What is needed: Leaving out all images, write out the records that follow exactly.

Top of Material for this exercise

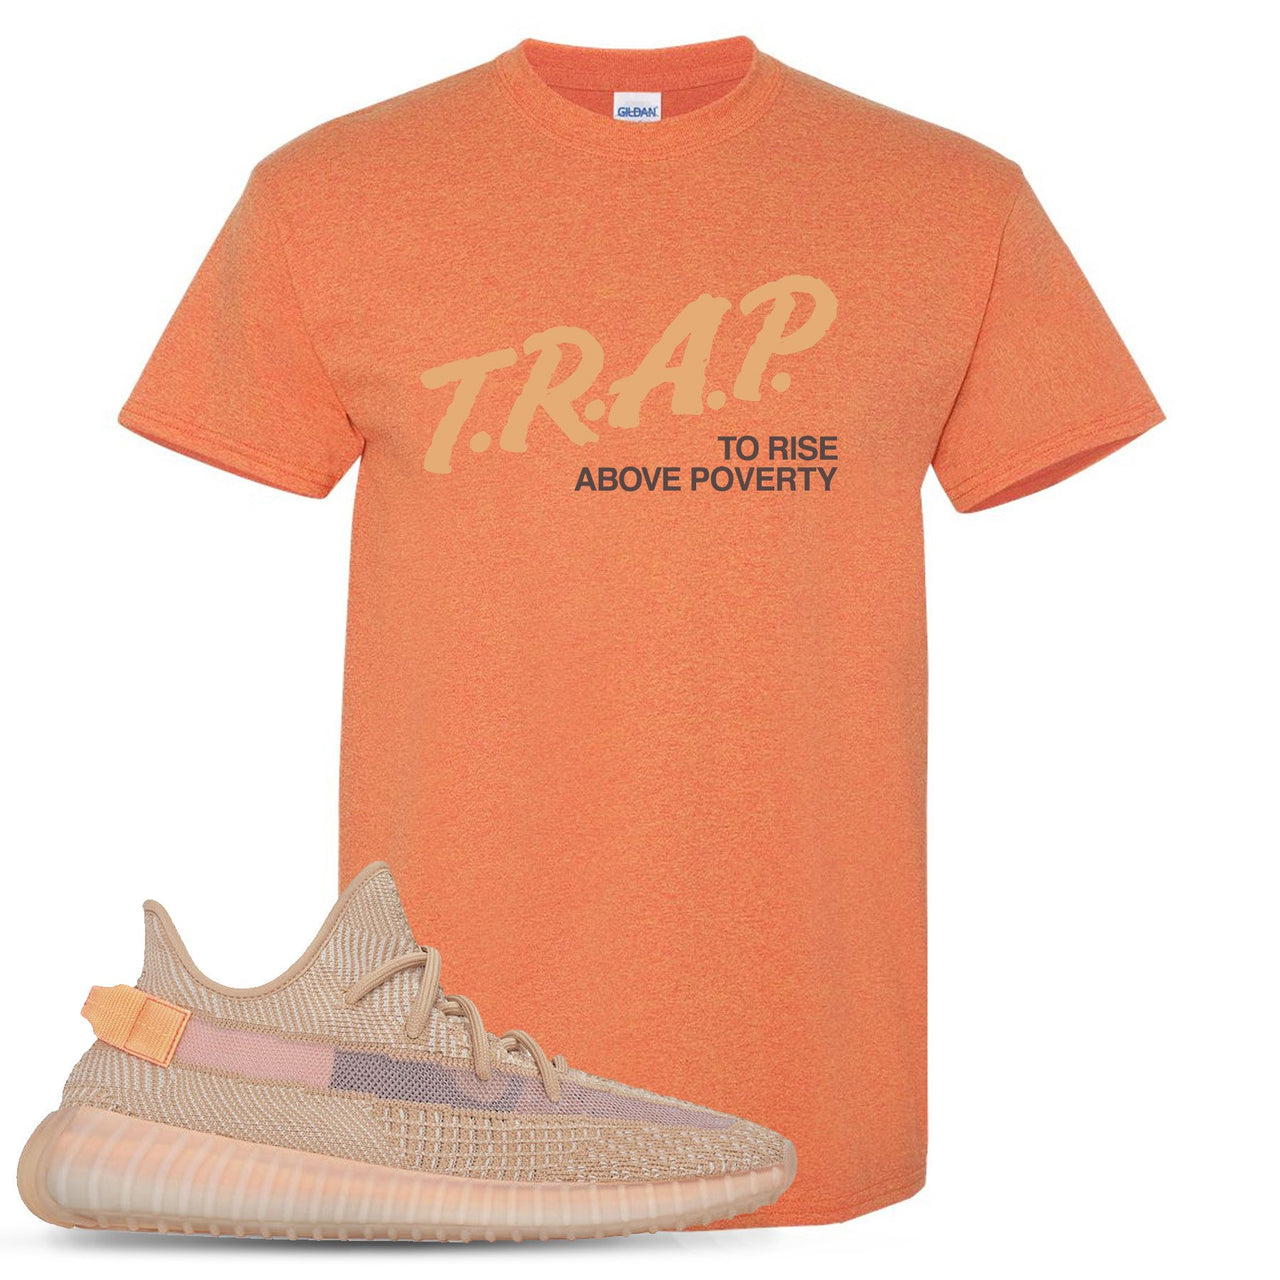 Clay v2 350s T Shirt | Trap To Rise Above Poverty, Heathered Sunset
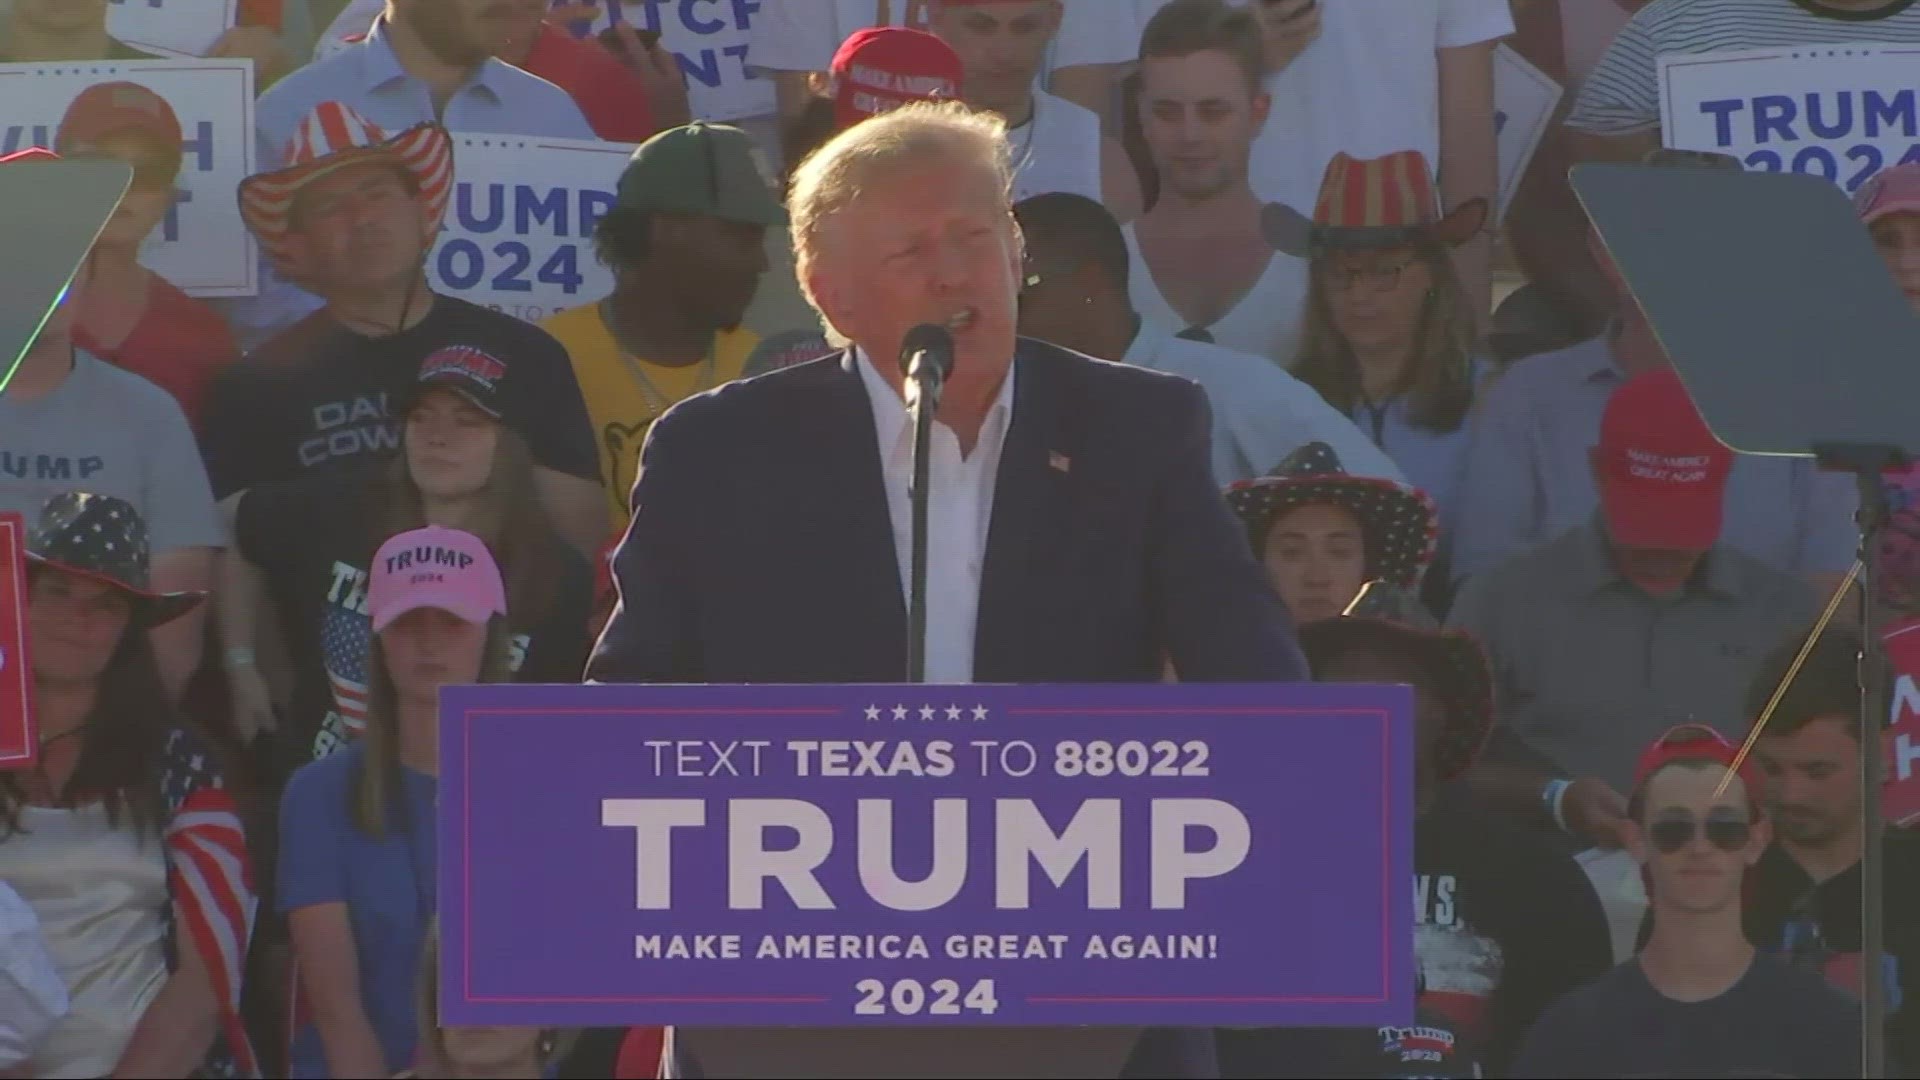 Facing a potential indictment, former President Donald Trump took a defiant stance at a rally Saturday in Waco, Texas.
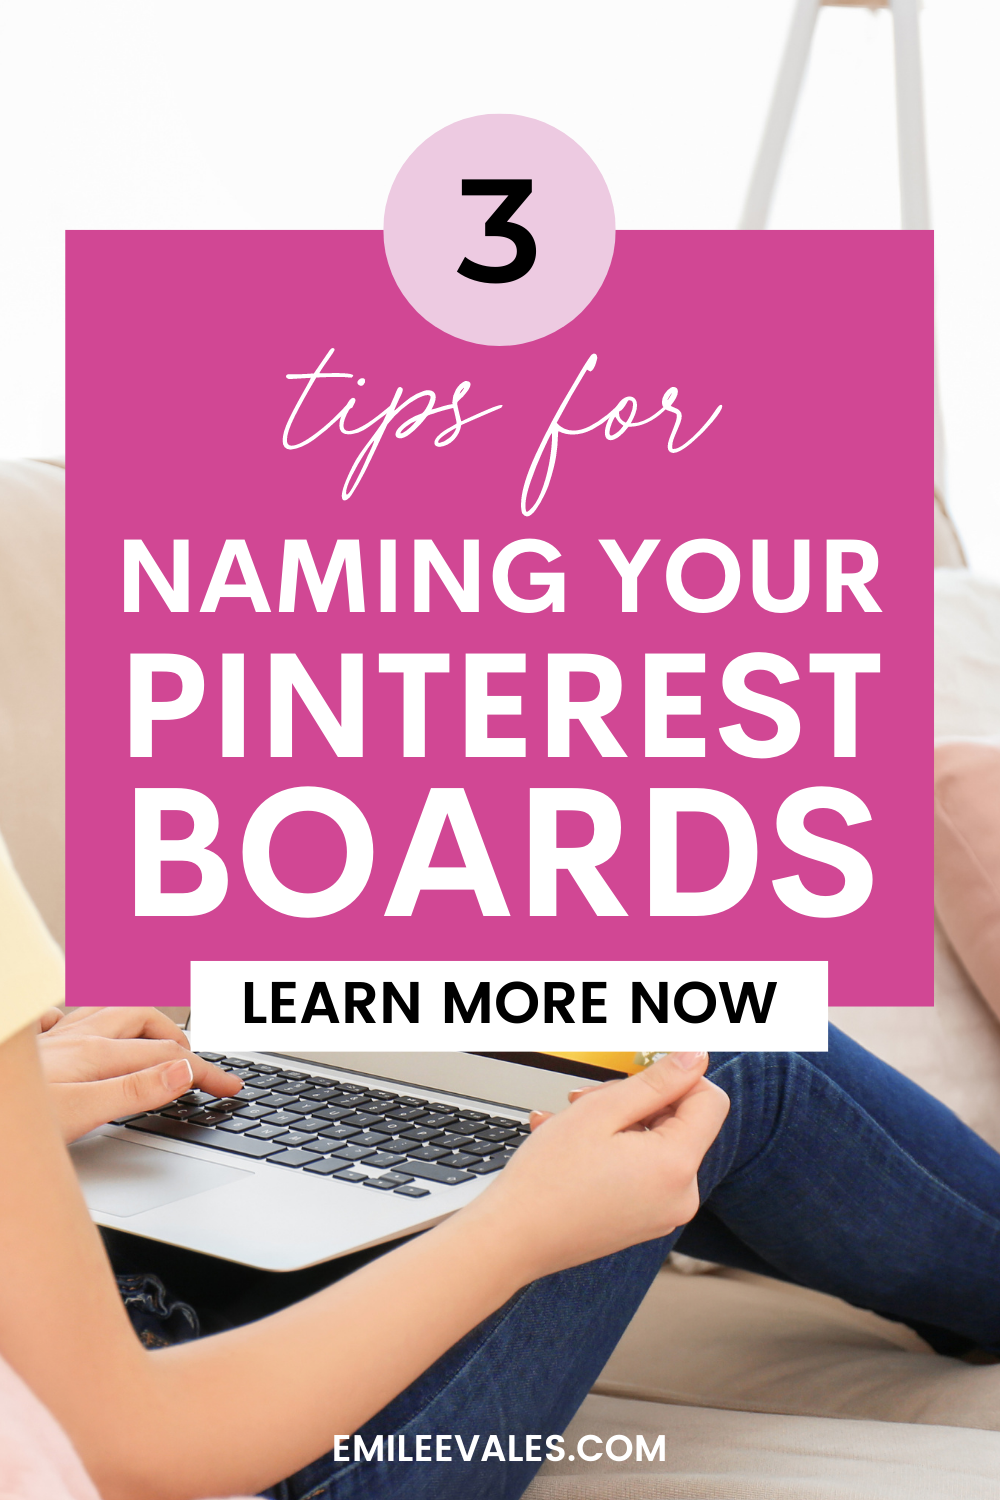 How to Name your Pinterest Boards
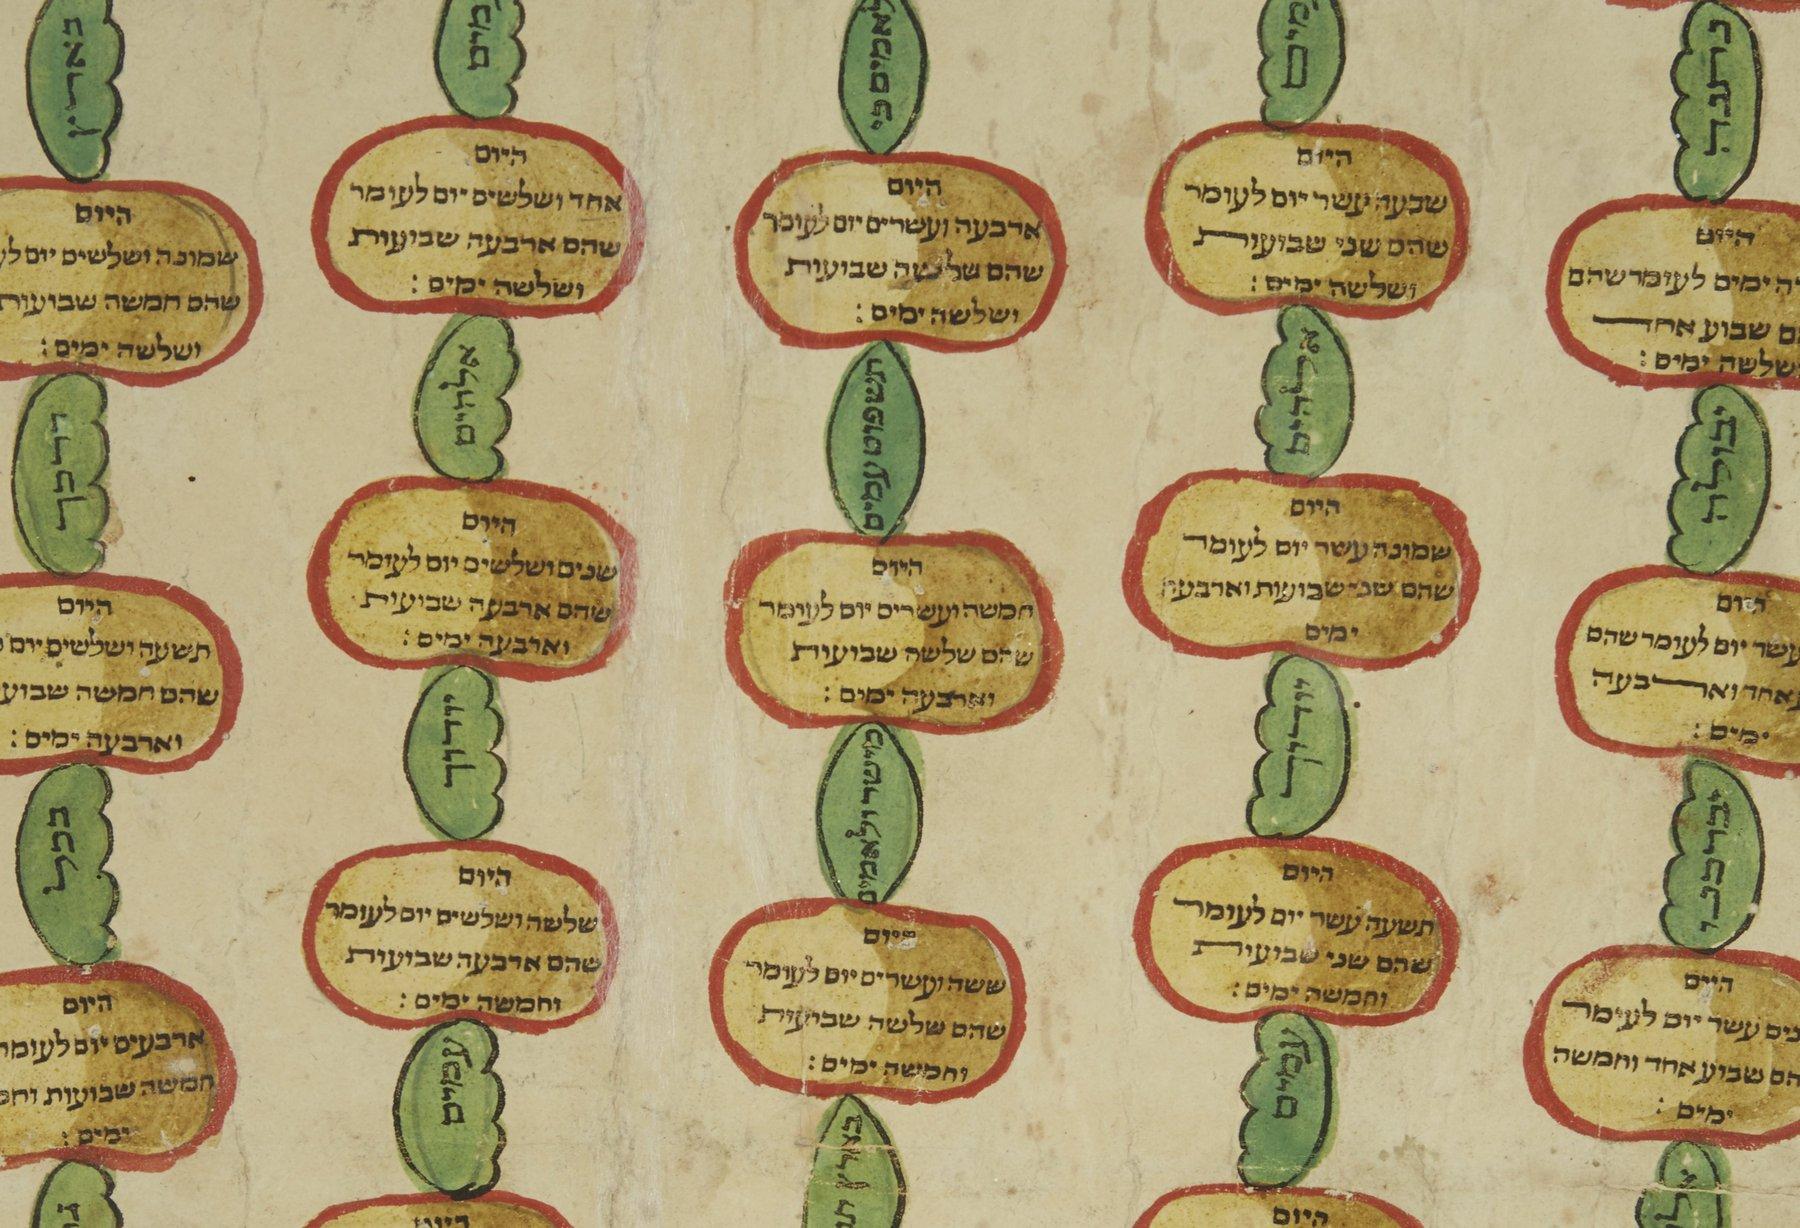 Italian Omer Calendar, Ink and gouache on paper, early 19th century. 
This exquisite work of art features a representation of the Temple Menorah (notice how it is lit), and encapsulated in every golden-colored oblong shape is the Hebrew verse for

Bottom of Material for this exercise

Reply to the exercise:
 Clay v2 350s T Shirt | Trap To Rise Above Poverty, Heathered Sunset
 Facing a potential indictment, former President Donald Trump took a defiant stance at a rally Saturday in Waco, Texas.
 How to Name your Pinterest Boards
 Italian Omer Calendar, Ink and gouache on paper, early 19th century. 
This exquisite work of art features a representation of the Temple Menorah (notice how it is lit), and encapsulated in every golden-colored oblong shape is the Hebrew verse for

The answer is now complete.